La culture, nous a persuadés André Malraux, est bien « l’héritage de la noblesse du monde » (et non pas celle d’une suffisance piteusement altière !). Noblesse reconnue à tous, depuis une certaine nuit du 4 août, et non pas réservée à un petit nombre d’élus qui la confisqueraient, à la mode pseudo-janséniste où piètrement élitique (2) !

Alors, il faut dès l’École, dans l’École, qu’aucune discipline ne s’arroge quasi-institutionnellement le droit de regarder de haut les autres disciplines (ni aucun « titre » d’autres « titres »). Il convient qu’aucun parcours d’élève ni ralentissement (ou retard) ne fassent l’objet de sarcasmes ou de prédictions dépréciatives.

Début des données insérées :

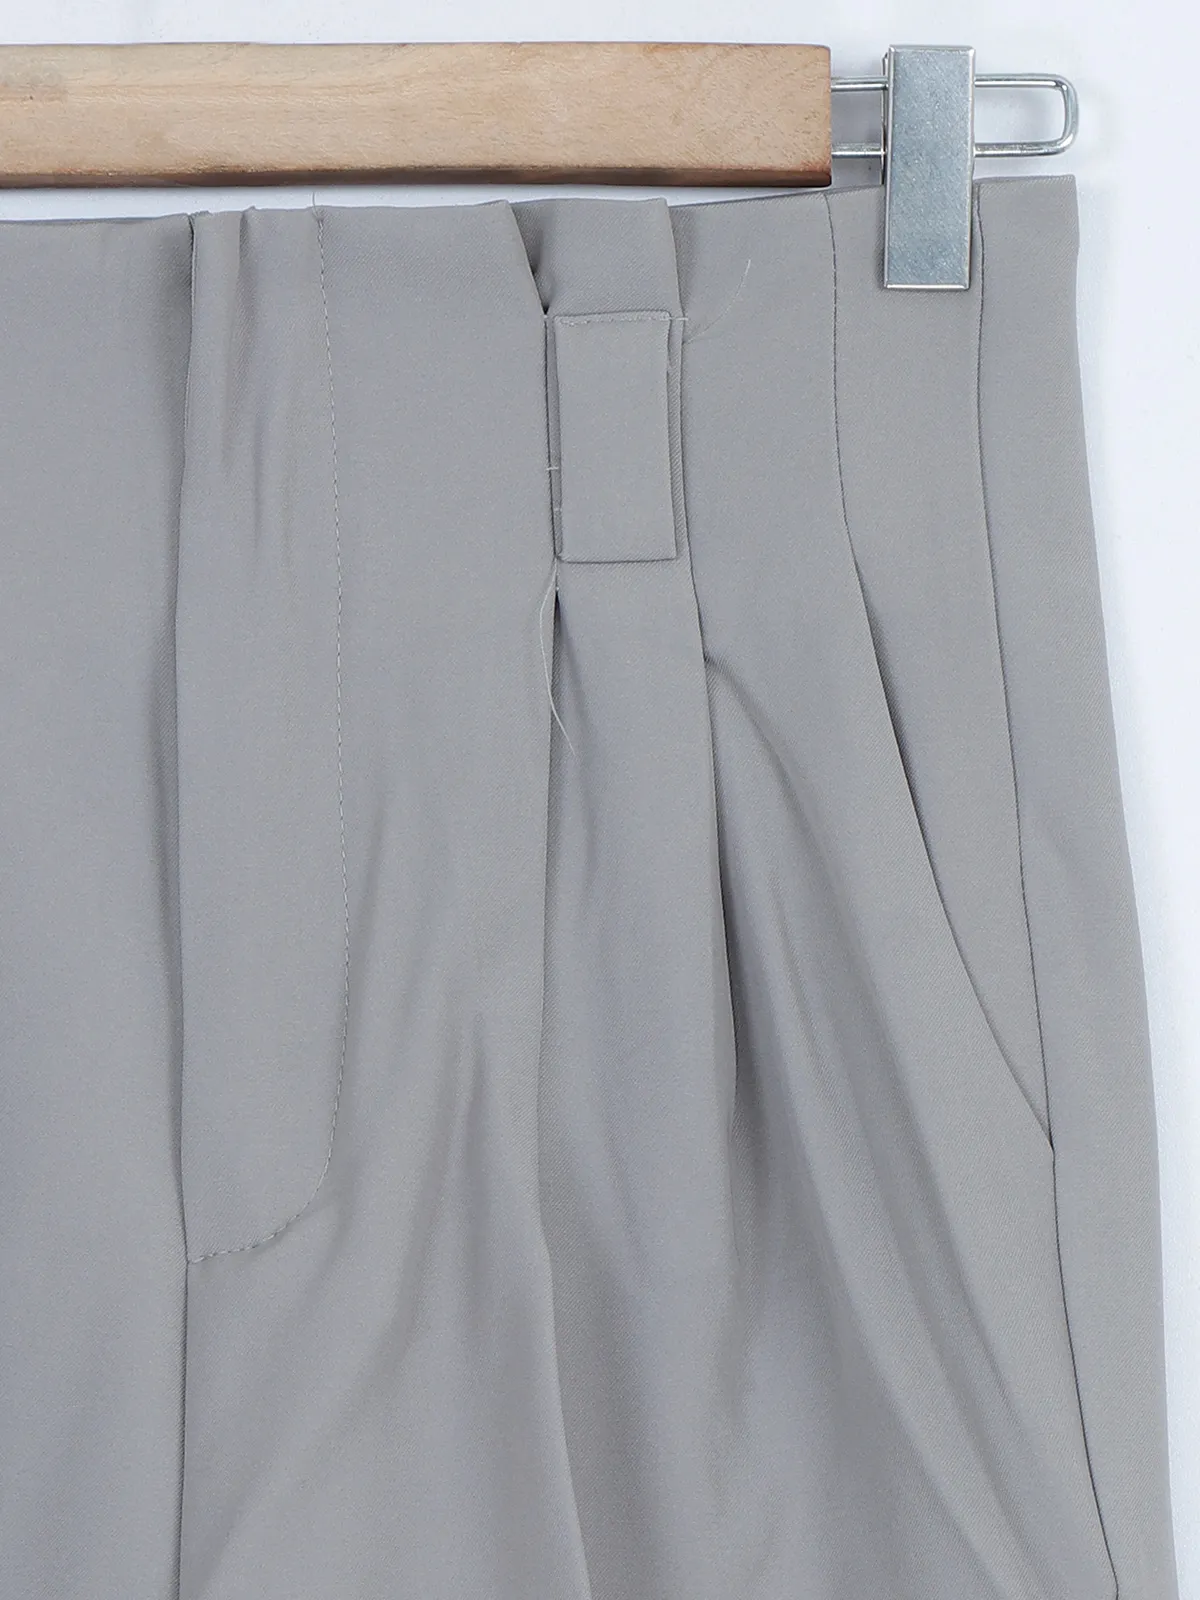 Boom plain grey lycra formal pant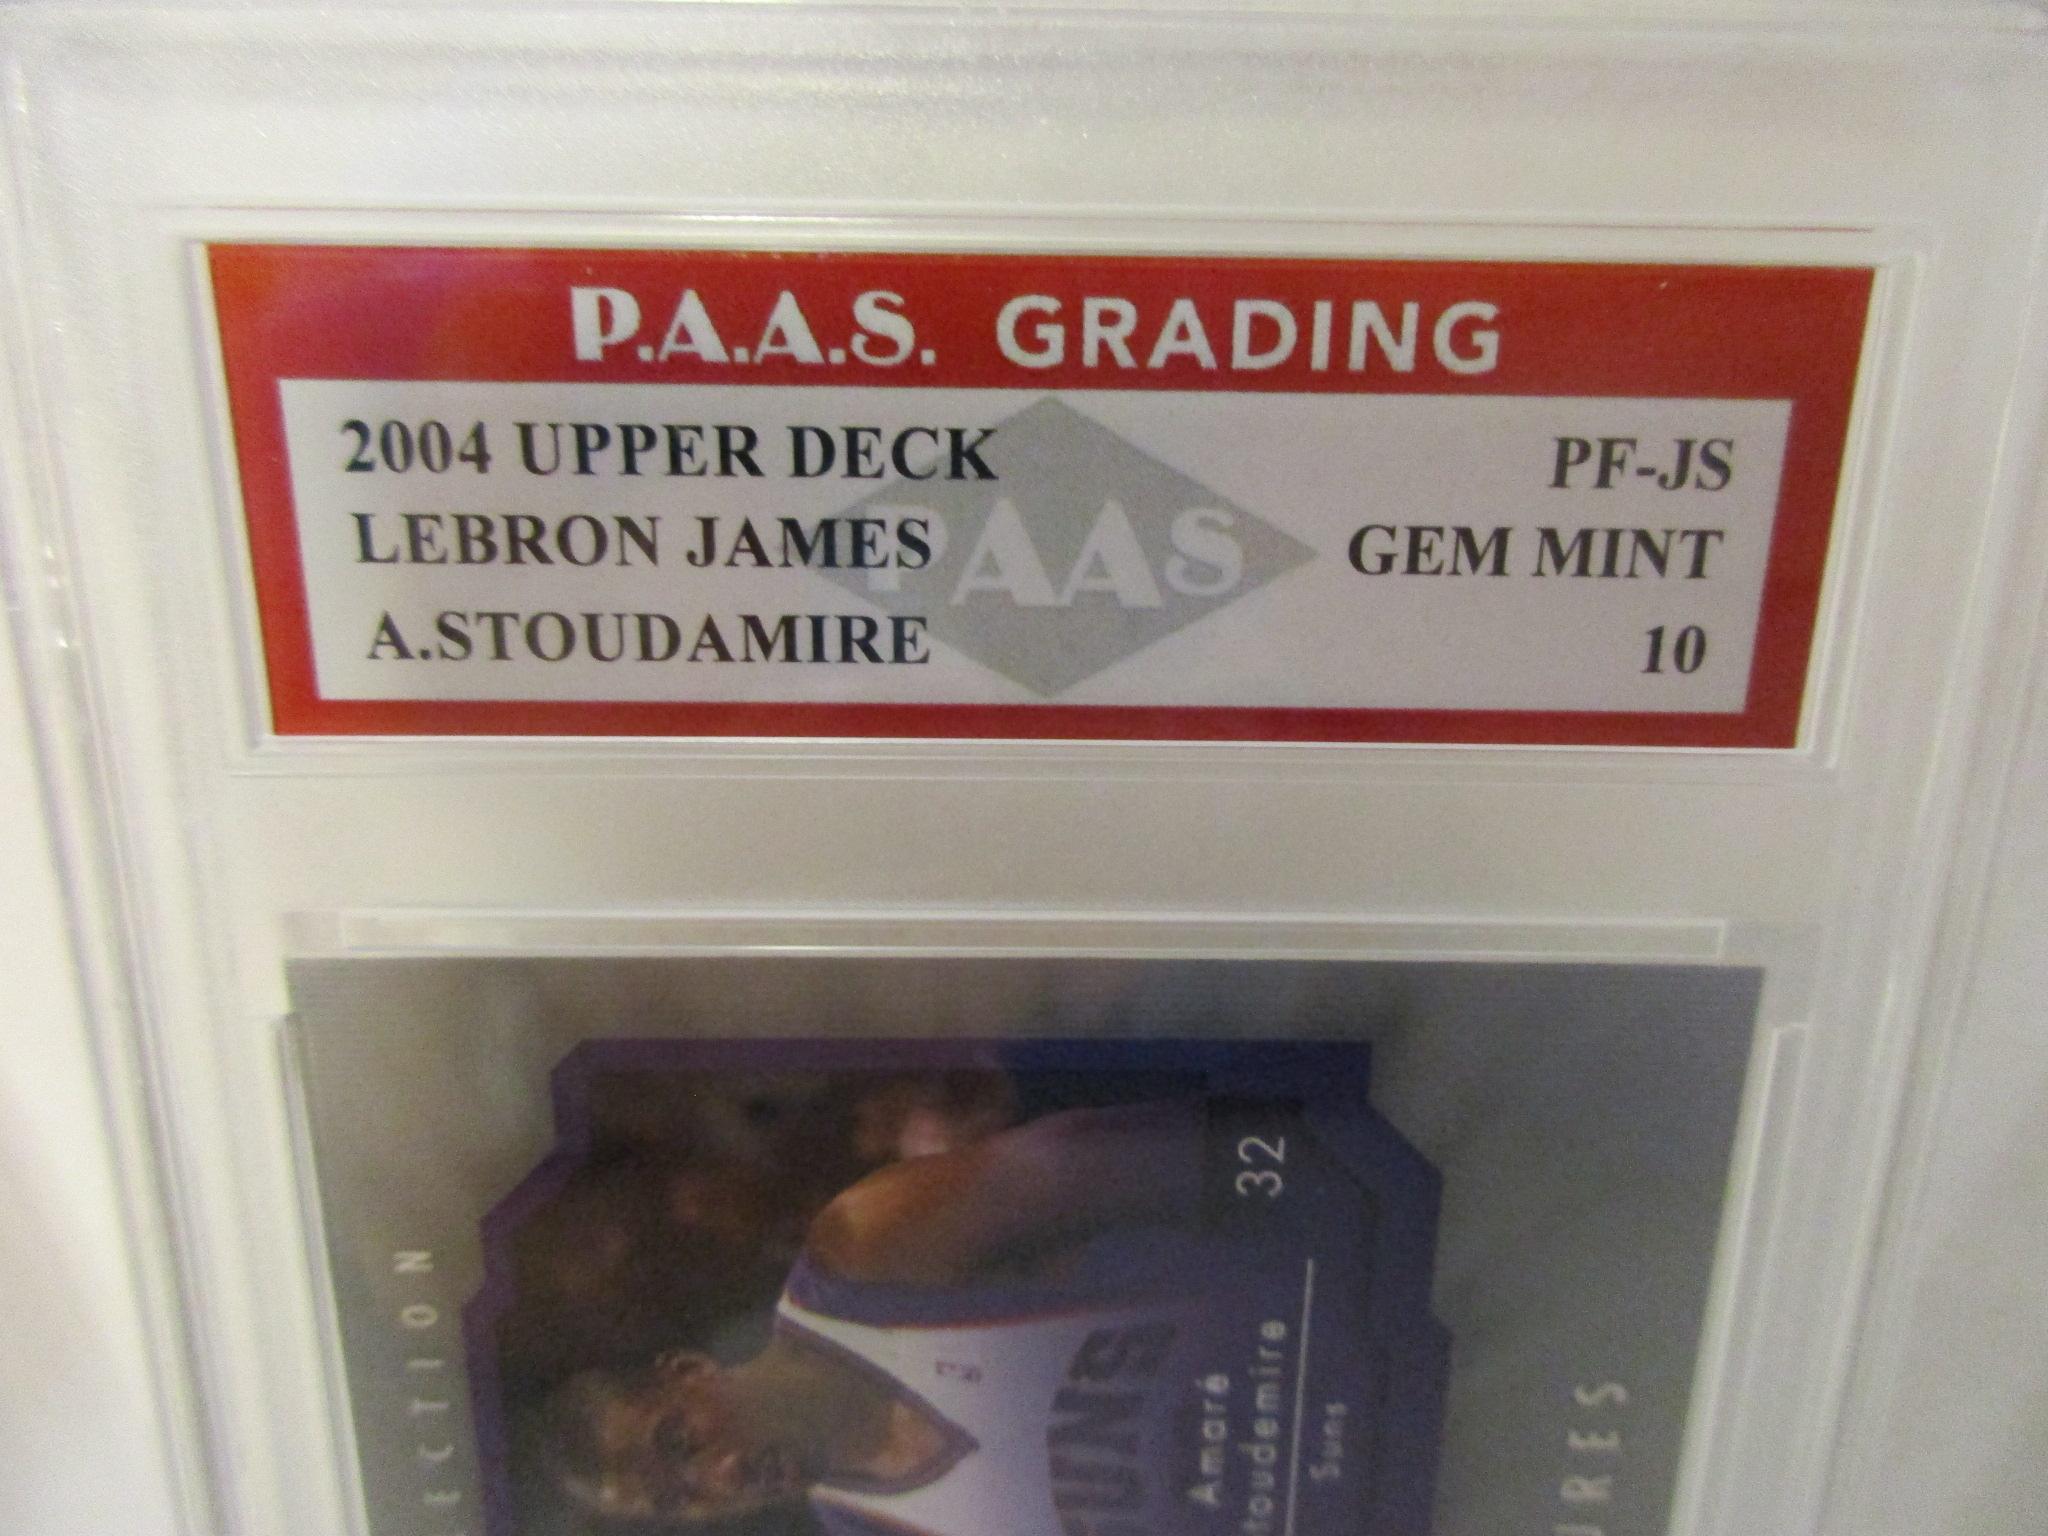 LeBron James Amare Stoudamire 2004 Upper Deck #PF-JS graded PAAS Gem Mint 10

Il devient indispensable qu’aucune aptitude, parce qu’elle serait plus physique ou manuelle, ne soit brocardée.

Pourrait-on oublier l’exorde de d’Alembert, dans son « Discours préliminaire » à l’Encyclopédie : « La société, en respectant avec justice les grands esprits qui l’éclairent, ne doit point avilir les mains qui la servent. [...] C’est peut-être chez les artisans qu’il faut aller chercher les preuves les plus admirables de la sagacité de l’esprit, de sa patience et de ses ressources » (3) ? Ne peut-on renouer avec l’Encyclopédie, en deçà du XIXe siècle ! ?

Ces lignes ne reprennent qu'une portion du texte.